» SOURCE DATA:

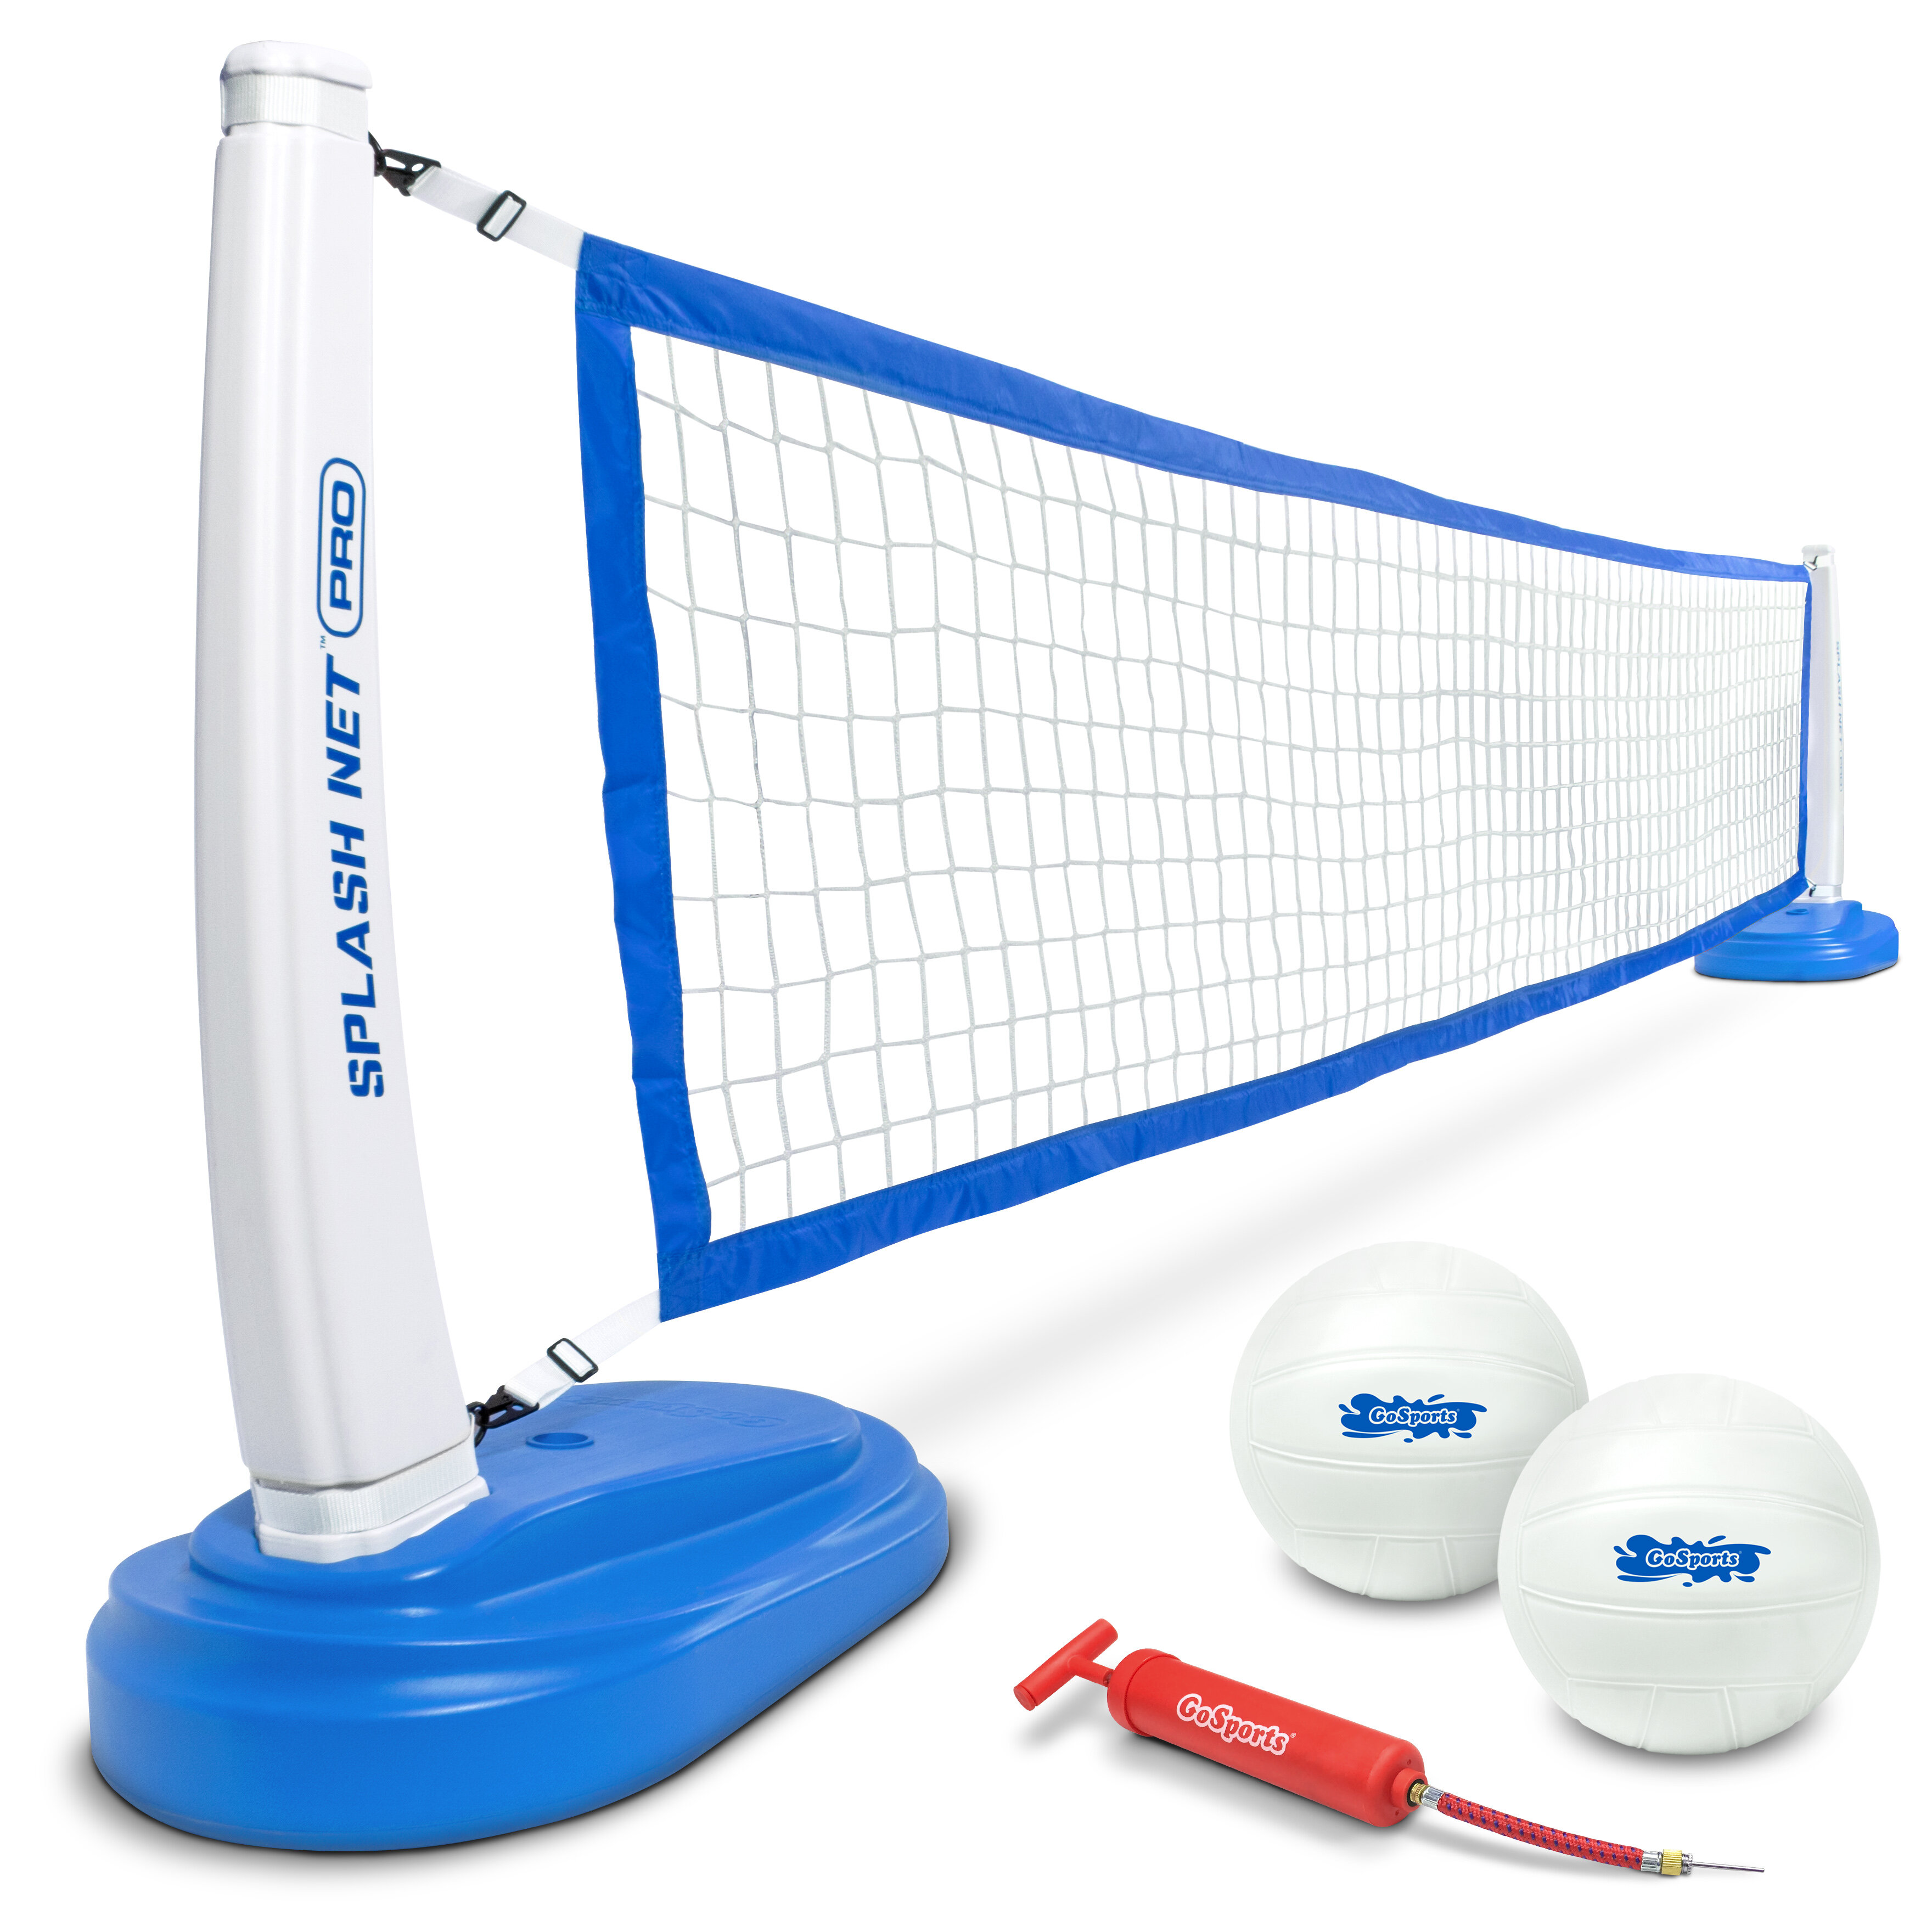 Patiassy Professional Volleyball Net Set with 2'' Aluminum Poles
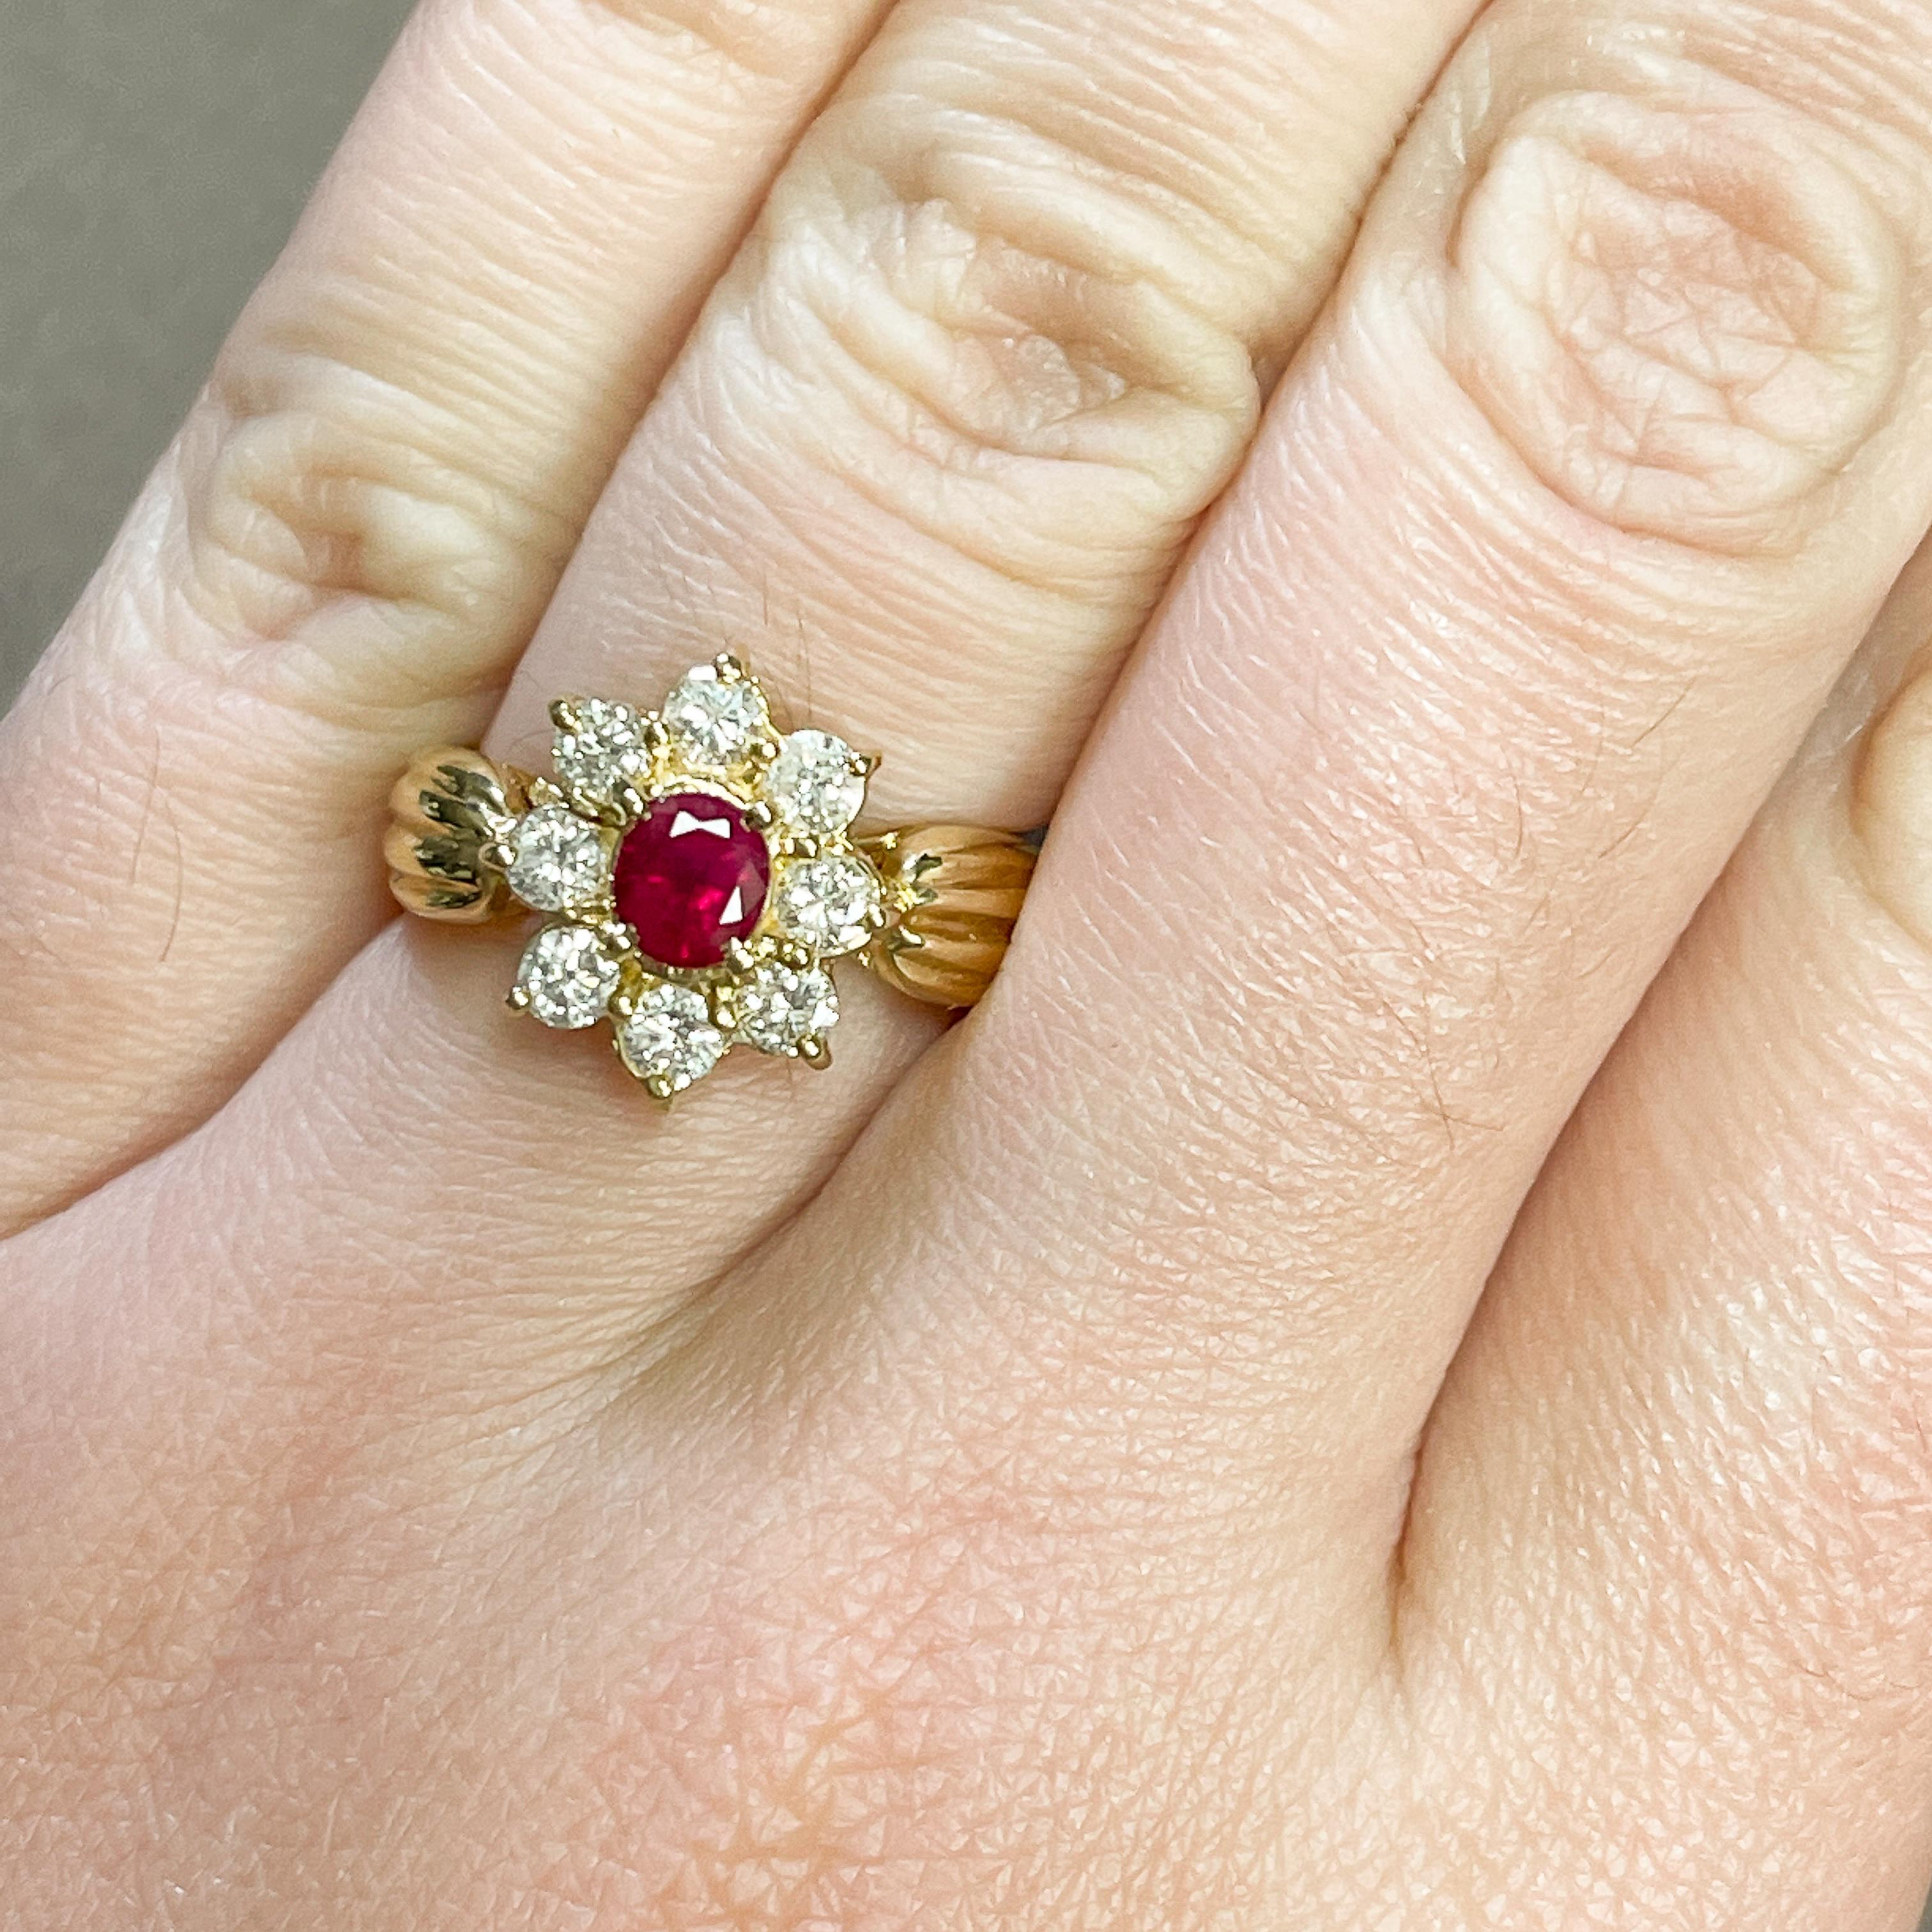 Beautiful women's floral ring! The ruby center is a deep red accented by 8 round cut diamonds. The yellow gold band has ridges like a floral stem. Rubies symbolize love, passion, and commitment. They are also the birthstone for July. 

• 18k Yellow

» EXERCISE REQUIREMENTS: Copy out the data verbatim, excluding the pictures.

» ANSWER TO THE EXERCISE:
 Patiassy Professional Volleyball Net Set with 2'' Aluminum Poles
 Beautiful women's floral ring! The ruby center is a deep red accented by 8 round cut diamonds. The yellow gold band has ridges like a floral stem. Rubies symbolize love, passion, and commitment. They are also the birthstone for July. 

• 18k Yellow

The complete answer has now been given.